ALTER TABLE my_table DROP COLUMN new_column --   

      
      





Here the logic is the same as when adding a column: the table data is not modified, only the meta information is changed. In this case, the column is marked as deleted and unavailable for queries. This explains the fact that when a column is dropped in PostgreSQL, physical space is not reclaimed (unless you perform a VACUUM FULL), that is, the data of old records still remains in the table, but is not available when accessed. The deallocation occurs gradually as rows in the table are overwritten.



Thus, the migration itself is simple, but, as a rule, errors sometimes occur on the backend side. Before deleting a column, there are a few simple preparatory steps to take.



  • First, you need to remove all restrictions (NOT NULL, CHECK, ...) that are on this column:

    ALTER TABLE my_table ALTER COLUMN new_column DROP NOT NULL
          
          



  • The next step is to ensure backend compatibility. You need to make sure that the column is not used anywhere. For example, in Hibernate, you need to mark a field using annotation @Transient



    . In the JOOQ we are using, the field is added to exceptions using a tag <excludes>



    :

    <excludes>my_table.new_column</excludes>
          
          





    You also need to look closely at queries "SELECT *"



    - frameworks can map all columns into a structure in the code (and vice versa) and, accordingly, you may again face the problem of accessing a non-existent column.


After the changes are posted to all application servers, you can delete the column. 



Index creation



CREATE INDEX my_table_index ON my_table (name) -- ,  

      
      





Those who work with PostgreSQL probably know that this command locks the entire table. But since the very old version 8.2 there is the CONCURRENTLY keyword , which allows you to create an index in a non-blocking mode.



CREATE CONCURRENTLY INDEX my_table_index ON my_table (name) -- 

      
      





The command is slower, but does not interfere with parallel requests.



This team has one caveat. It can fail โ€” for example, when creating a unique index on a table that contains duplicate values. The index will be created, but it will be marked as invalid and will not be used in queries. Index status can be checked with the following query: 



SELECT pg_index.indisvalid
    FROM pg_class, pg_index
WHERE pg_index.indexrelid = pg_class.oid
    AND pg_class.relname = 'my_table_index'
      
      





In such a situation, you need to delete the old index, correct the values โ€‹โ€‹in the table and then recreate it.

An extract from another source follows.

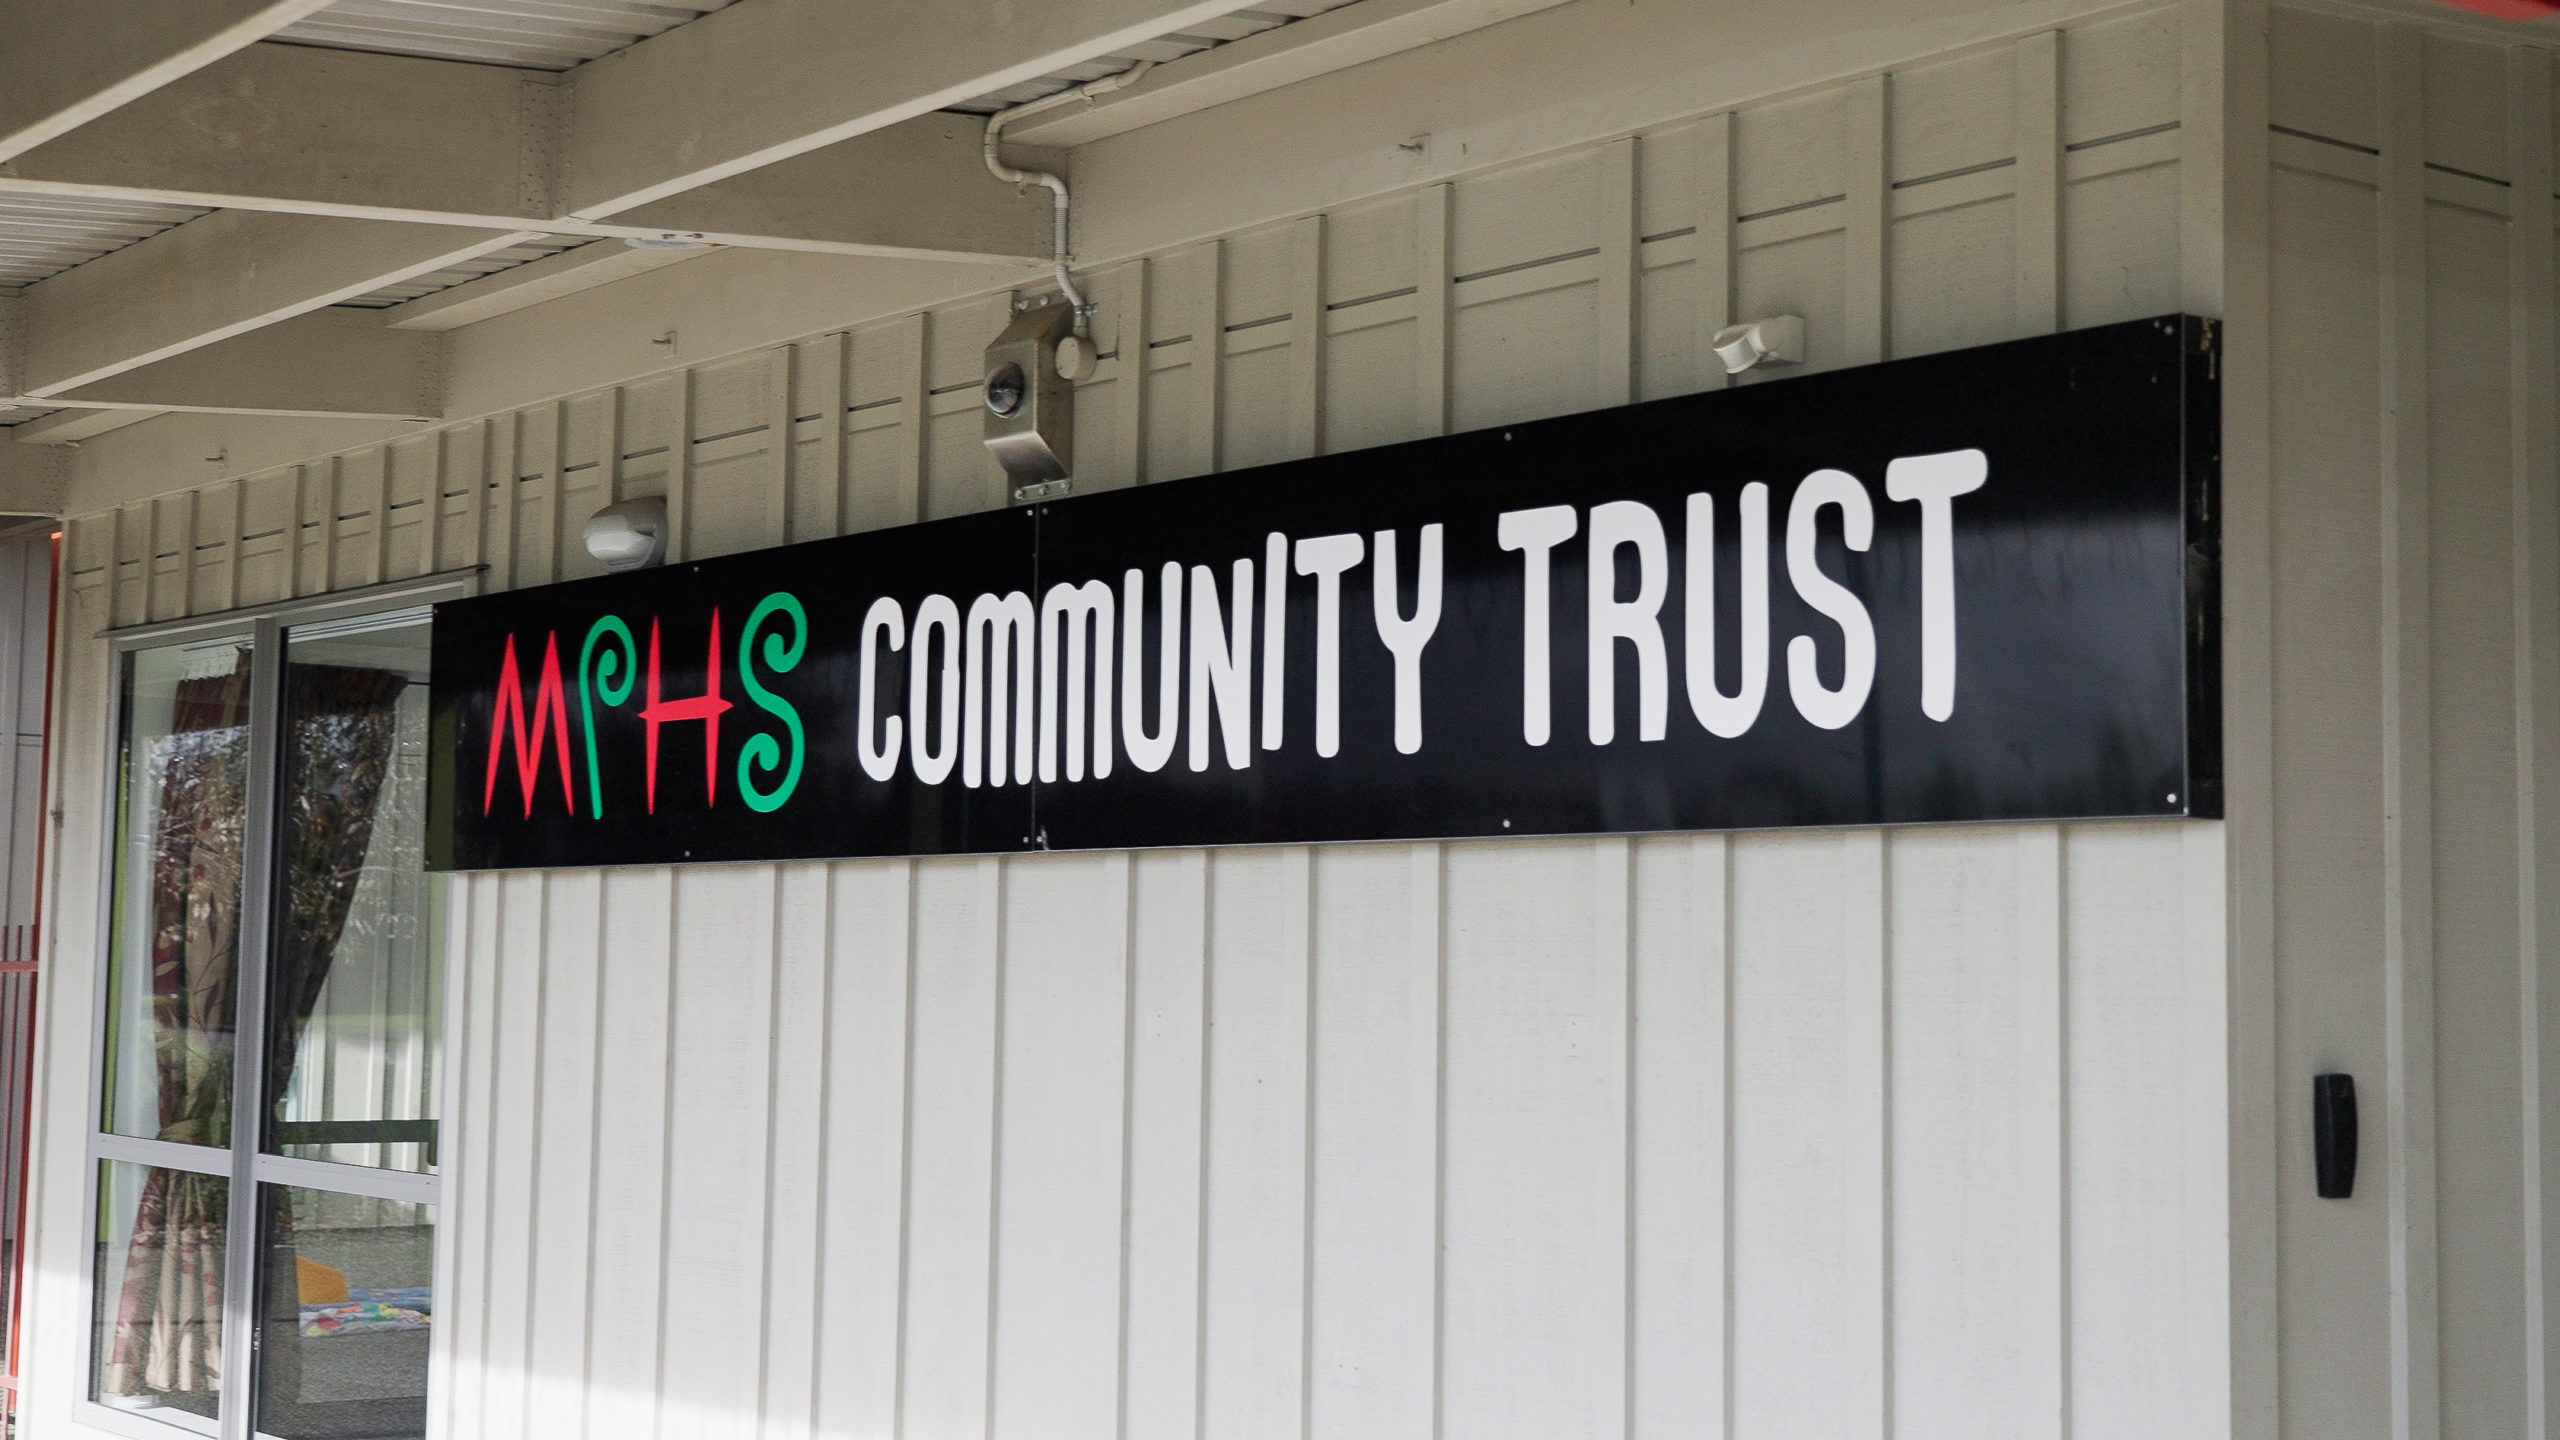 MPHS community trust community involvement by Thomas Consulants Ltd

DROP INDEX CONCURRENTLY my_table_index
UPDATE my_table ...
CREATE CONCURRENTLY INDEX my_table_index ON my_table (name)

      
      





It is important to note that the REINDEX command , which is just intended for rebuilding the index, works only in blocking mode until version 12 , which makes it impossible to use it. PostgreSQL 12 adds CONCURRENTLY support and can now be used.

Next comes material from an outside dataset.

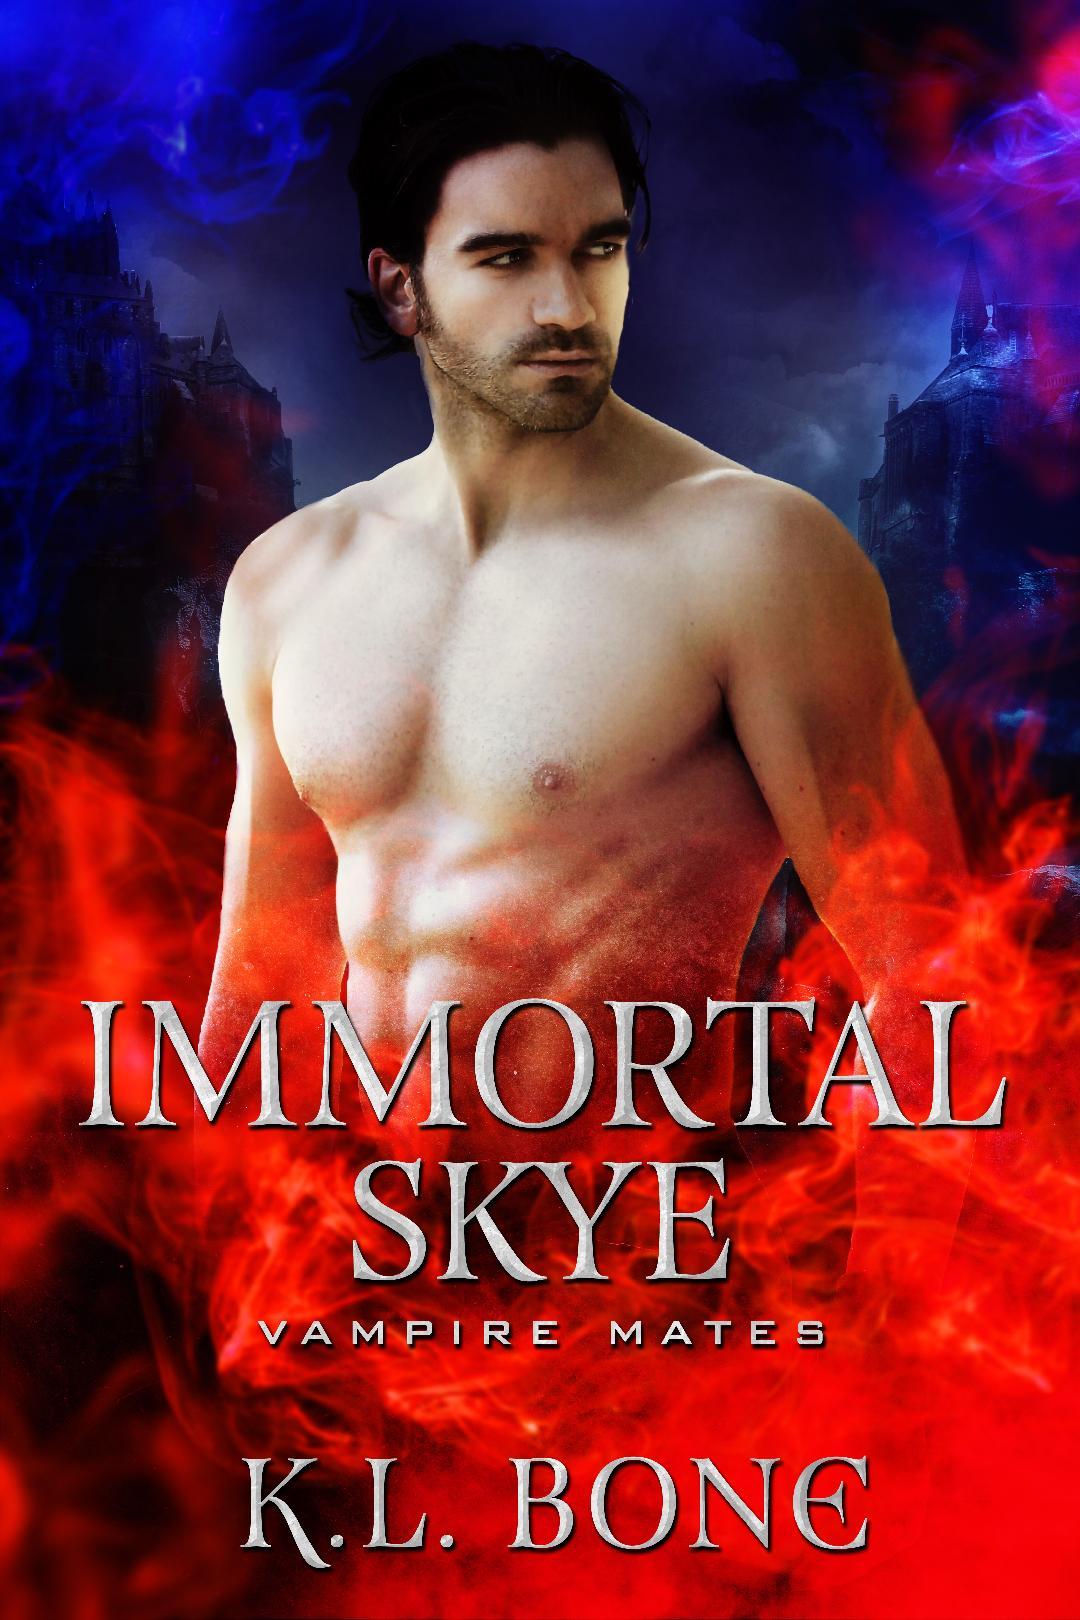 IMMORTAL SKYE (A Vampire Mates Novella) Book Cover

REINDEX INDEX CONCURRENTLY my_table_index --  PG 12

      
      





Creating an Index on a Partitioned Table



We should also discuss creating indexes for partitioned tables. In PostgreSQL, there are 2 types of partitioning: through inheritance and declarative, which appeared in version 10. Let's look at both with a simple example. 



Suppose we want to partition a table by date, and each partition will contain data for one year.



When partitioning through inheritance, we will have approximately the following scheme.



Parent table:



CREATE TABLE my_table (
    ...
    reg_date   date not null
)

      
      





Child partitions for 2020 and 2021:



CREATE TABLE my_table_y2020 (
CHECK ( reg_date >= DATE '2020-01-01' AND reg_date < DATE '2021-01-01' ))
INHERITS (my_table);

CREATE TABLE my_table_y2021 (
CHECK ( reg_date >= DATE '2021-01-01' AND reg_date < DATE '2022-01-01' ))
INHERITS (my_table);

      
      





Indexes by the partitioning field for each of the partitions:



CREATE INDEX ON my_table_y2020 (reg_date);
CREATE INDEX ON my_table_y2021 (reg_date);

      
      





Let's leave the creation of a trigger / rule for inserting data into a table.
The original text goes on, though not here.